The is a most slippery identifier. Note the definition from the RIM:

A unique identifier for the player Entity in this Role

That’s a little opaque: is that the identifier for the player when it plays this role, or the identifier for the player that is in this role? There’s a clarifying note:

The identifier of the Role identifies the Entity playing the role in that role

Only that doesn’t really clarify anything does it? I believe that the correct interpretation is the second: this is the identifier for the player – and that therefore the same role id may be encountered in multiple places for different roles where the same entity plays the different roles.

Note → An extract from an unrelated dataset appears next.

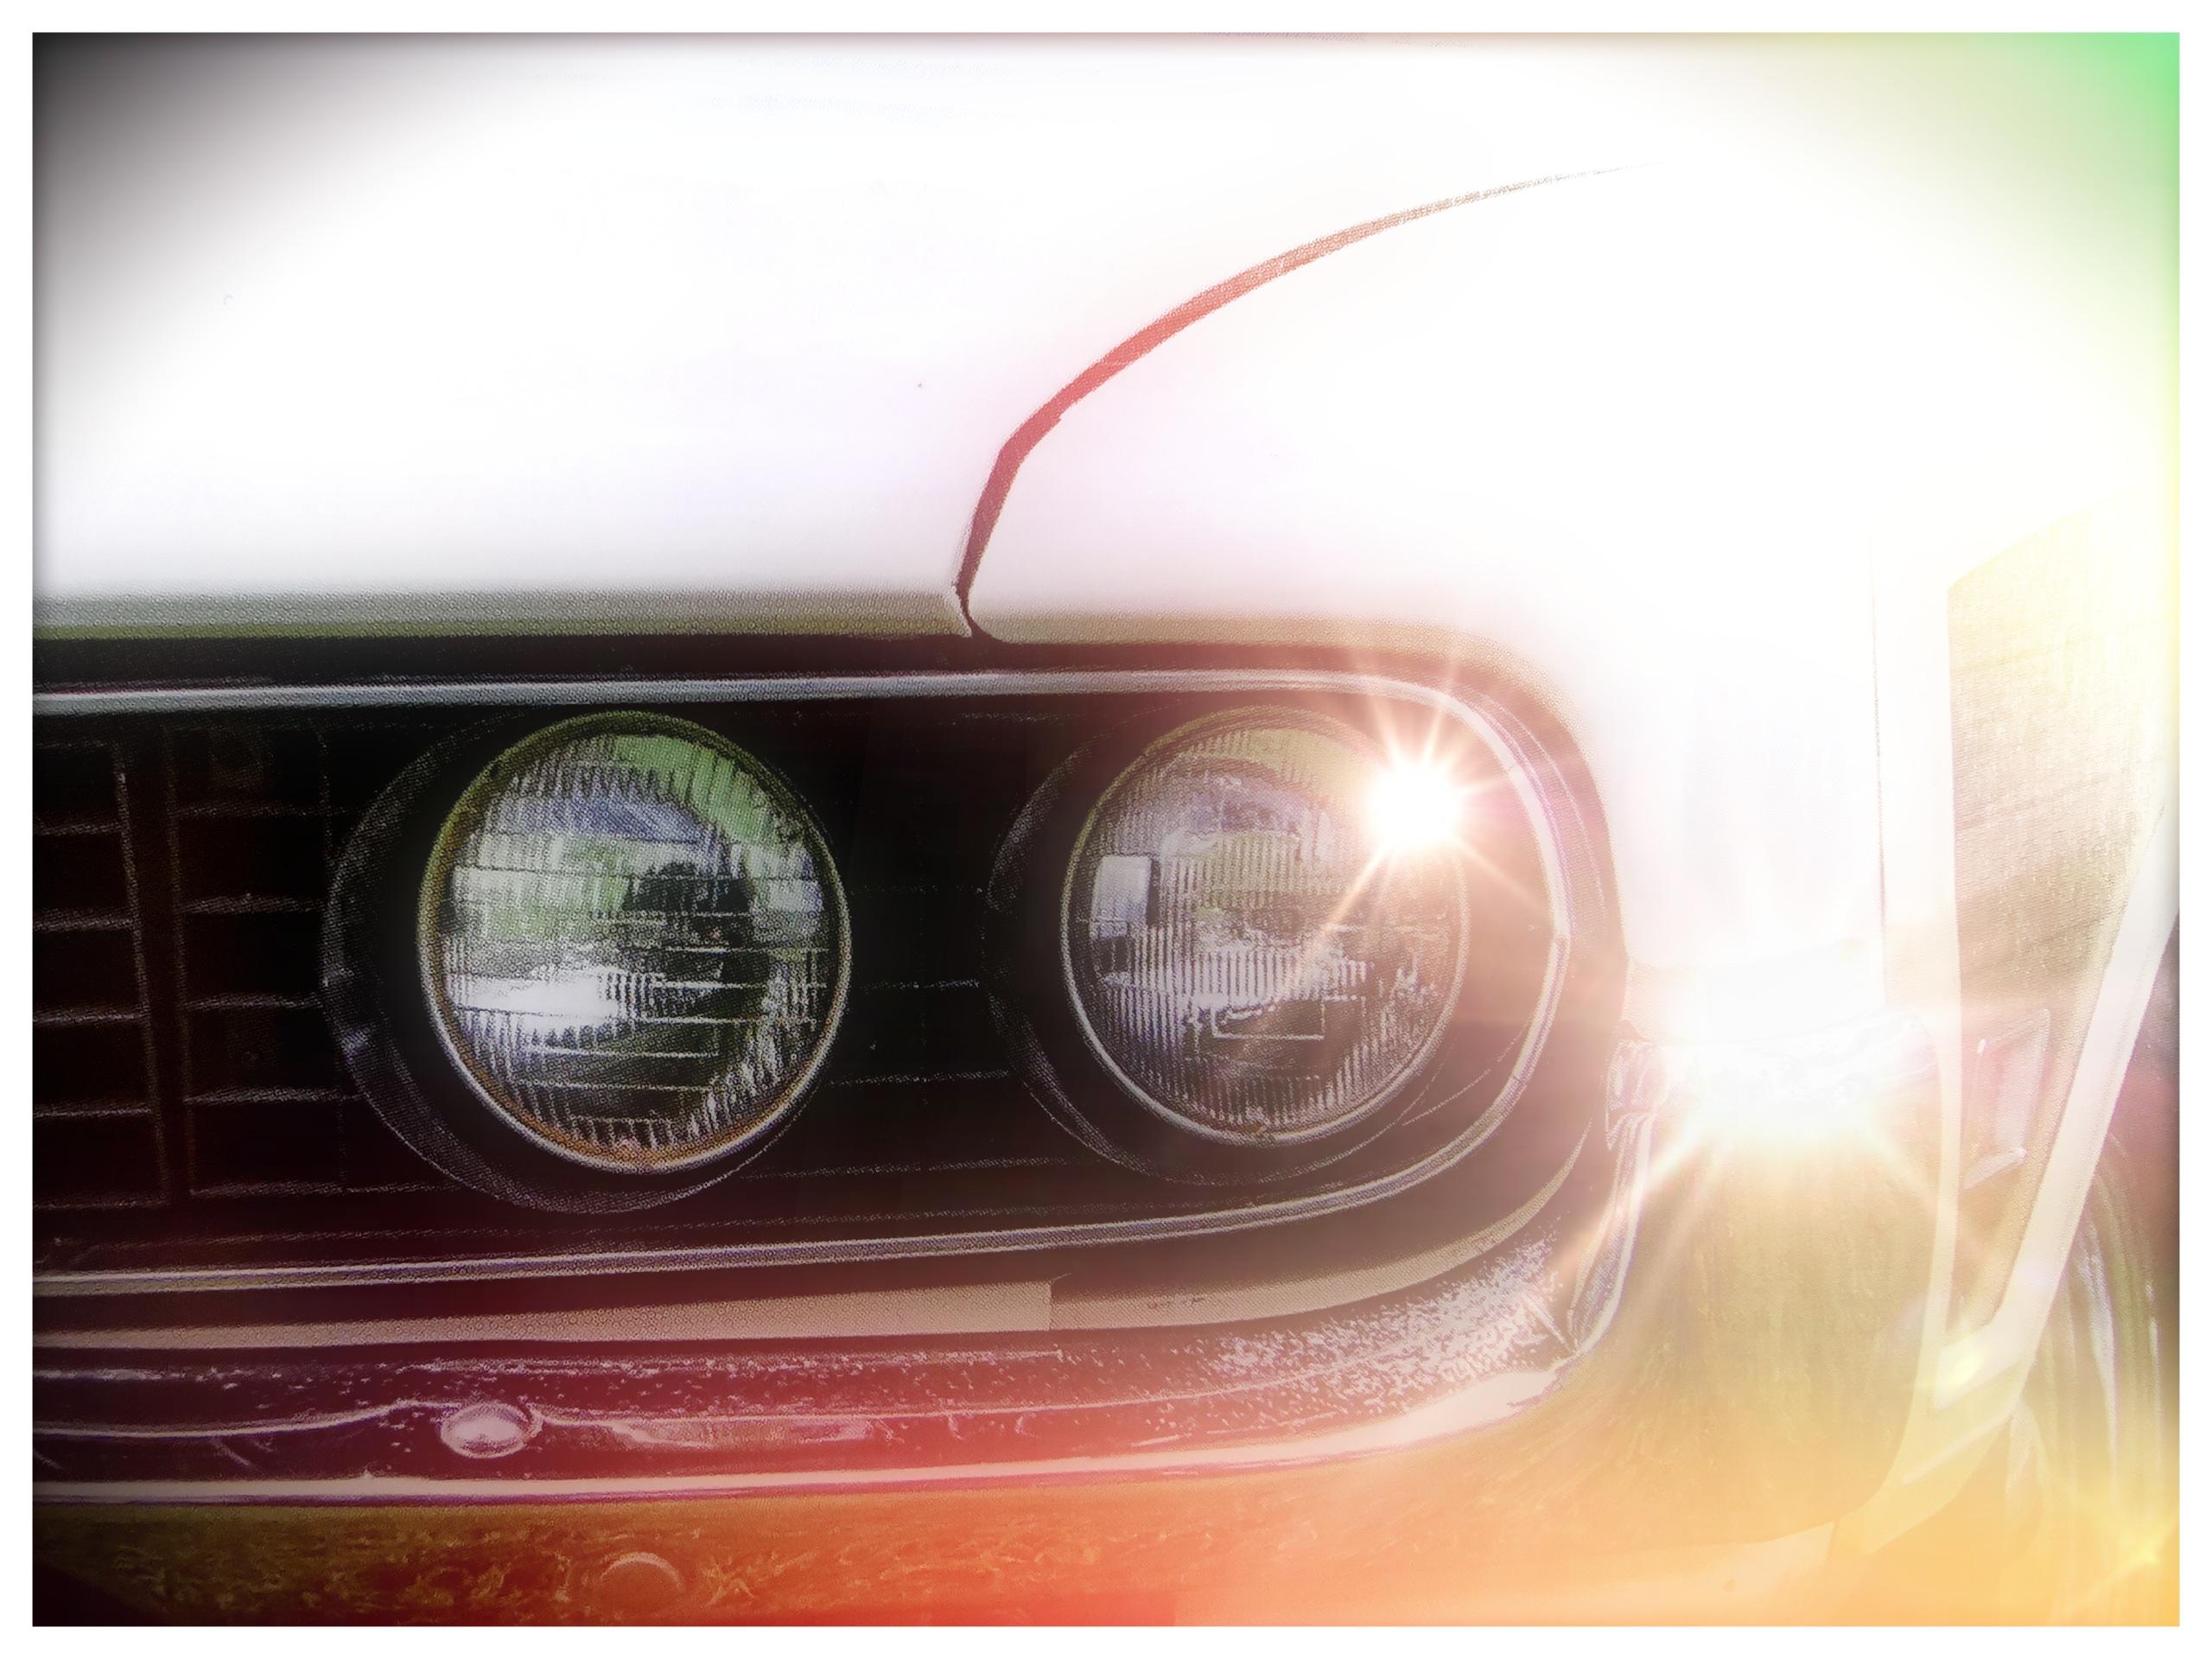 Autoreinigung, so geht man mit dem richtigen Equipment bei der Fahrzeugpflege vor

On these grounds, some of the CDA implementation guides say some variation of the following language:

When the author is also the ‘legalAuthenticator’ then ClinicalDocument/legalAuthenticator/assignedEntity/id SHALL be same as ‘ClinicalDocument/author/assignedAuthor/id

When the CDA implementation guides say this, then you can rely on this: the ids will match. That will be checked during the conformance process.

However, other than that, the ids probably aren’t going to be very useful in the near term. But you still have to fill them out where CDA requires them.